En materia de duración, los tratados de arriendo territorial han sido variopintos, desde los que prevén un término fijo hasta los que se acordaron a perpetuidad. Y algunos se han convertido. Por ejemplo, el tratado que cedía el derecho sobre la isla de Hong Kong entre China y el Reino Unido y el que arrendaba la Zona del Canal a los EE. UU., originalmente, eran a perpetuidad; y en ambos casos se renegoció un tratado a plazo fijo.
Las condiciones que afectan estos tratados susceptibles de renegociación se caracterizan por ciertos rasgos comunes. Digamos, el acuerdo entre un Estado poderoso y uno débil; el cambio fundamental de las circunstancias originales (en la jerga jurídica, rebus sic stantibus); el arriendo sin cláusula relacionada con su terminación; la vigencia del objeto o propósito del tratado; o los propios cambios en materia de derecho internacional al cabo de los años.

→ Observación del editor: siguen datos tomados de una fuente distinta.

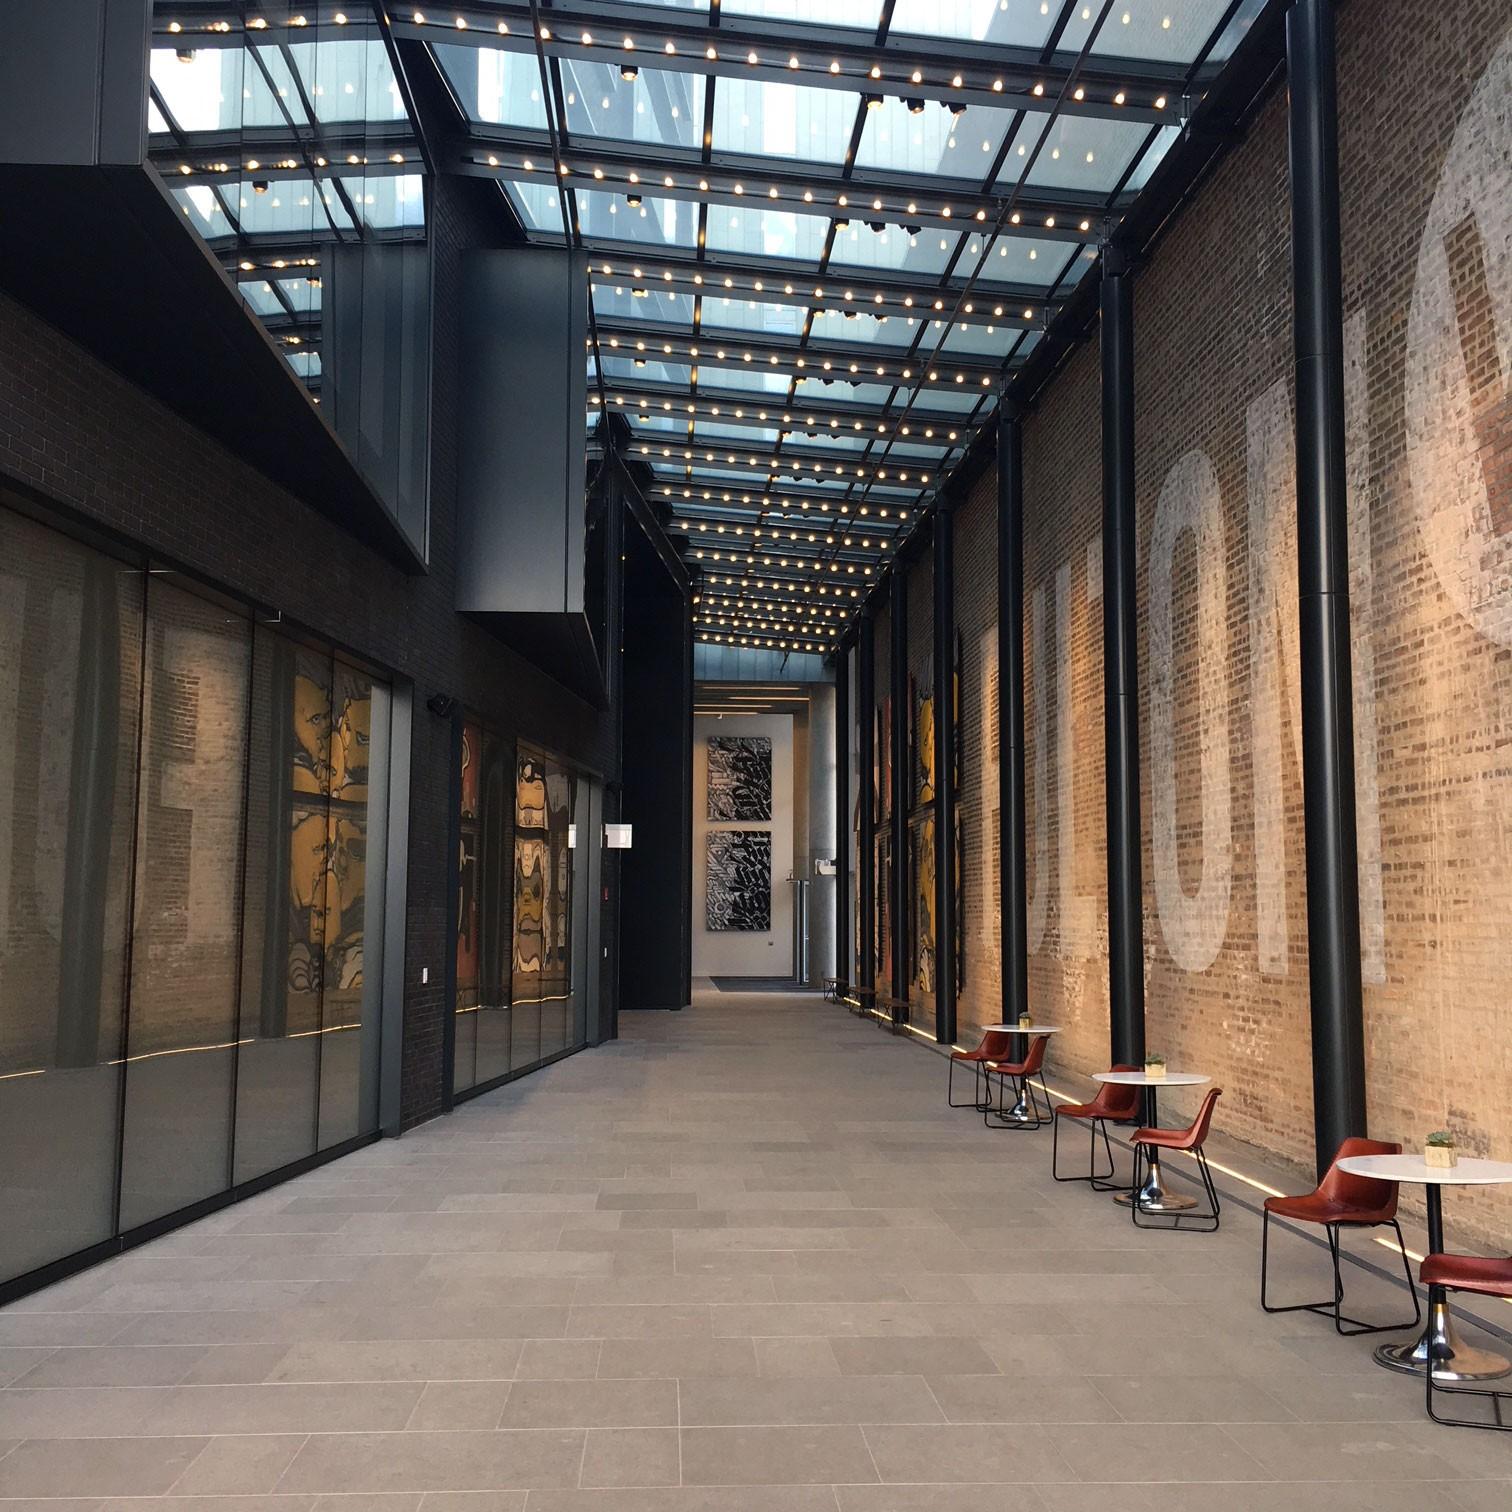 emerging chicago tours chicago architecture foundation caf. Black Bedroom Furniture Sets. Home Design Ideas

En otras palabras, un arriendo territorial puede terminarse, no importa cuál haya sido la duración prevista originalmente, según la doctrina de derecho internacional vigente hoy acerca de los tratados desiguales, por haber sido concebido entre un Estado dominante y un Estado dominado, por la emergencia de una norma perentoria de derecho internacional incompatible con el arriendo territorial sin fecha de término, así como por el cambio fundamental de las circunstancia o la ruptura material del orden preconizado por el arriendo.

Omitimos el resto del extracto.